Nous n’avons pas eu écho de cette information. Mais ce dont nous sommes sûrs, c’est qu’il y a un désengagement ou un manque de rigueur des garants de l’accord signé entre les parties. Chose qui pourrait pousser beaucoup de jeunes à vouloir reprendre les hostilités, peut-être même aux côtés des terroristes. Ceux qui le feront seront en situation de désobéissance à l’égard de leurs chefs et de la CMA.
– La ville de Tombouctou a été assiégée par des groupes islamistes armés, alors qu’Iyad Ag Ghali, chef terroriste refait surface et promet le pire. Qu’en pensez-vous ?
Cette situation s’explique par le fait que les terroristes contrôlaient déjà et depuis des années presque toute la région. Certainement que le pire est déjà créé autour de cette ville où il va multiplier ses actions en mettant à profit l’affaiblissement de forces de l’armée positionnées à l’intérieur de Tombouctou et un éventuel soulèvement de la population contre elles.
– Mais la ville de Tombouctou est connue comme étant un terrain de prédilection des combattants de la CMA. Comment les groupes djihadistes ont-ils pu prendre son contrôle ?
La CMA ne contrôle pas uniquement Tombouctou, mais toutes les grandes villes, appelées par certains, régions du Nord. A la date de la signature de l’Accord d’Alger, il n’y avait presque aucun sympathisant des groupes terroristes dans ces zones. Cet accord constituait un espoir pout tout le monde. Les groupes terroristes n’ont signé aucun accord avec le gouvernement, pourtant, ils se sont déployés dans la région. Maintenant, ils sont en train d’occuper les meilleures positions.
– N’est-ce pas une menace sérieuse sur l’Accord d’Alger ?
Effectivement, cet accord est sérieusement menacé depuis le coup d’Etat.
– Justement, depuis le coup d’Etat, de nombreuses voix s’élèvent de part et d’autres des belligérants contre l’Accord d’Alger alors que, de l’avis des experts, il reste la voie la plus propice à l’instauration de la paix dans la région de l’Azawad. A votre avis, pourquoi de telles positions et quel avenir a encore cet accord ?
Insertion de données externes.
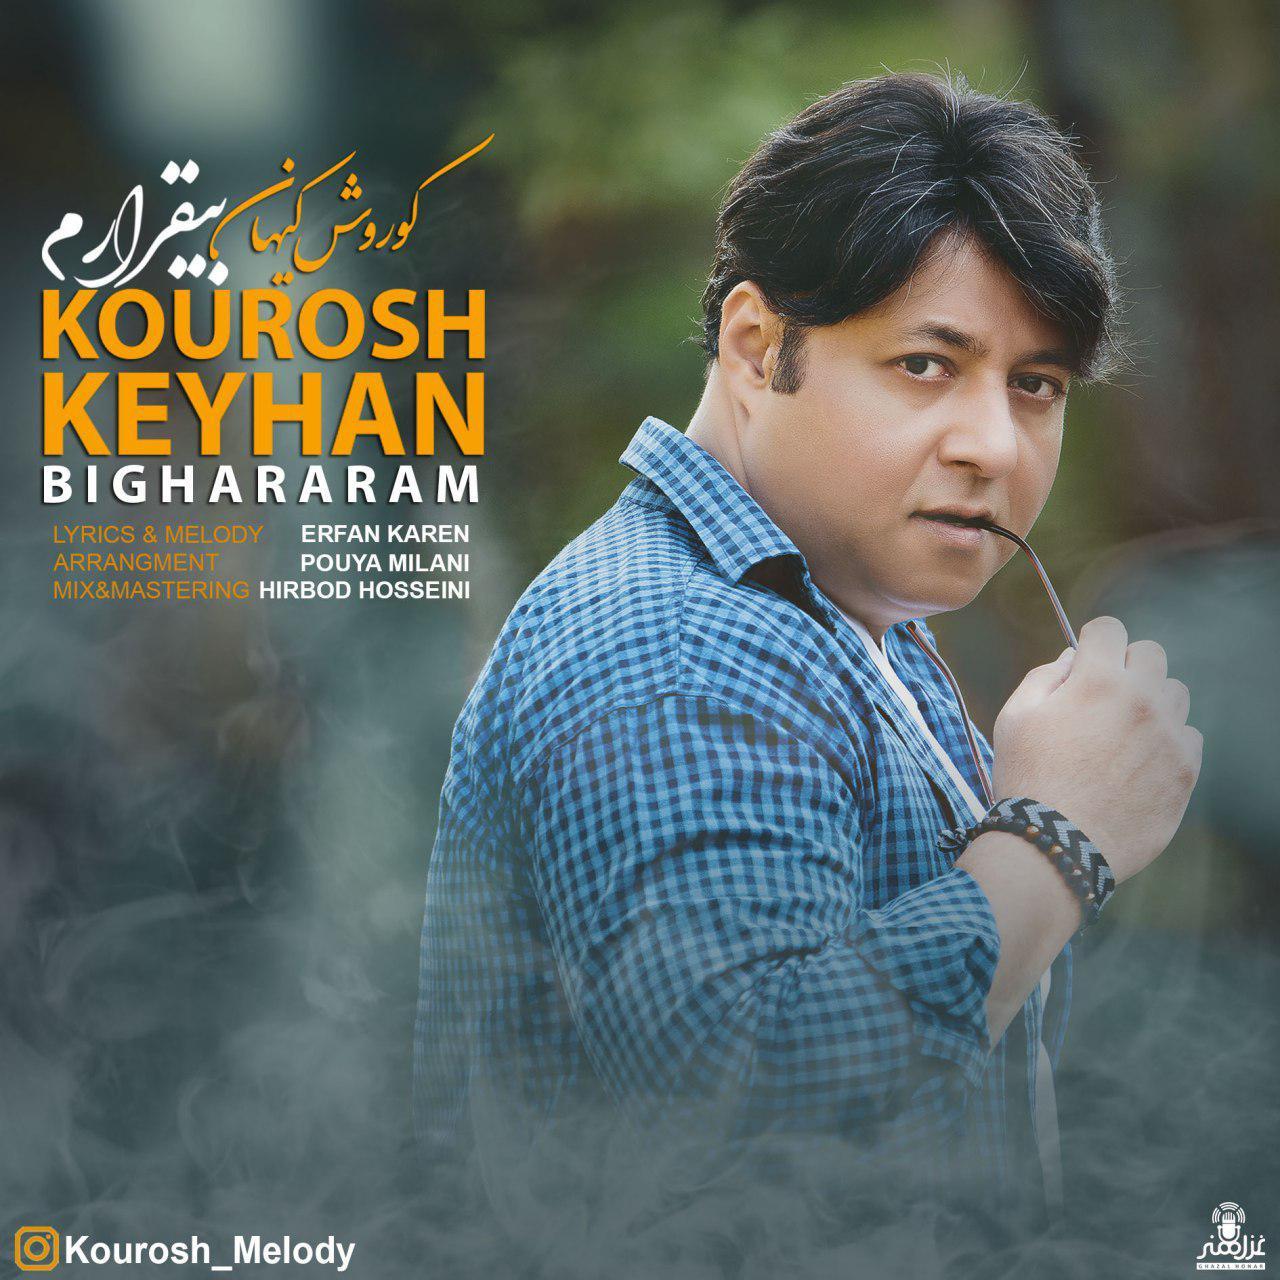 Kourosh Keyhan – Bighararam

Certes, beaucoup de voix de personnes ou entités ayant des agendas cachés se sont soulevées contre l’Accord d’Alger et son application. Je pense que c’est juste une stratégie bien élaborée qui profiterait à plusieurs acteurs inconnus. Pour la junte militaire, c’est une application intelligente de l’accord qui est évoquée. L’avenir reste incertain.
– Avec la prolifération des groupes terroristes, de bandits de routes, de trafiquants, l’avenir est aussi incertain. Est-ce le scénario du pire ?
Dans l’immédiat, nous voyons un Nord sous contrôle des groupes terroristes séparé du Sud.
– Si c’est le cas, c’est la scission qui est visée. Comment éviter une telle situation ?
Pour éviter le pire pour tout le pays, il faut appliquer dès aujourd’hui le contenu de l’Accord d’Alger. De nombreux groupes armés, qui activent dans la région du Nord, peuvent dès demain, profiter de la situation de vide engendrée en raison du retrait des troupes de la Minusma, pour prendre le contrôle des villages et même des villes.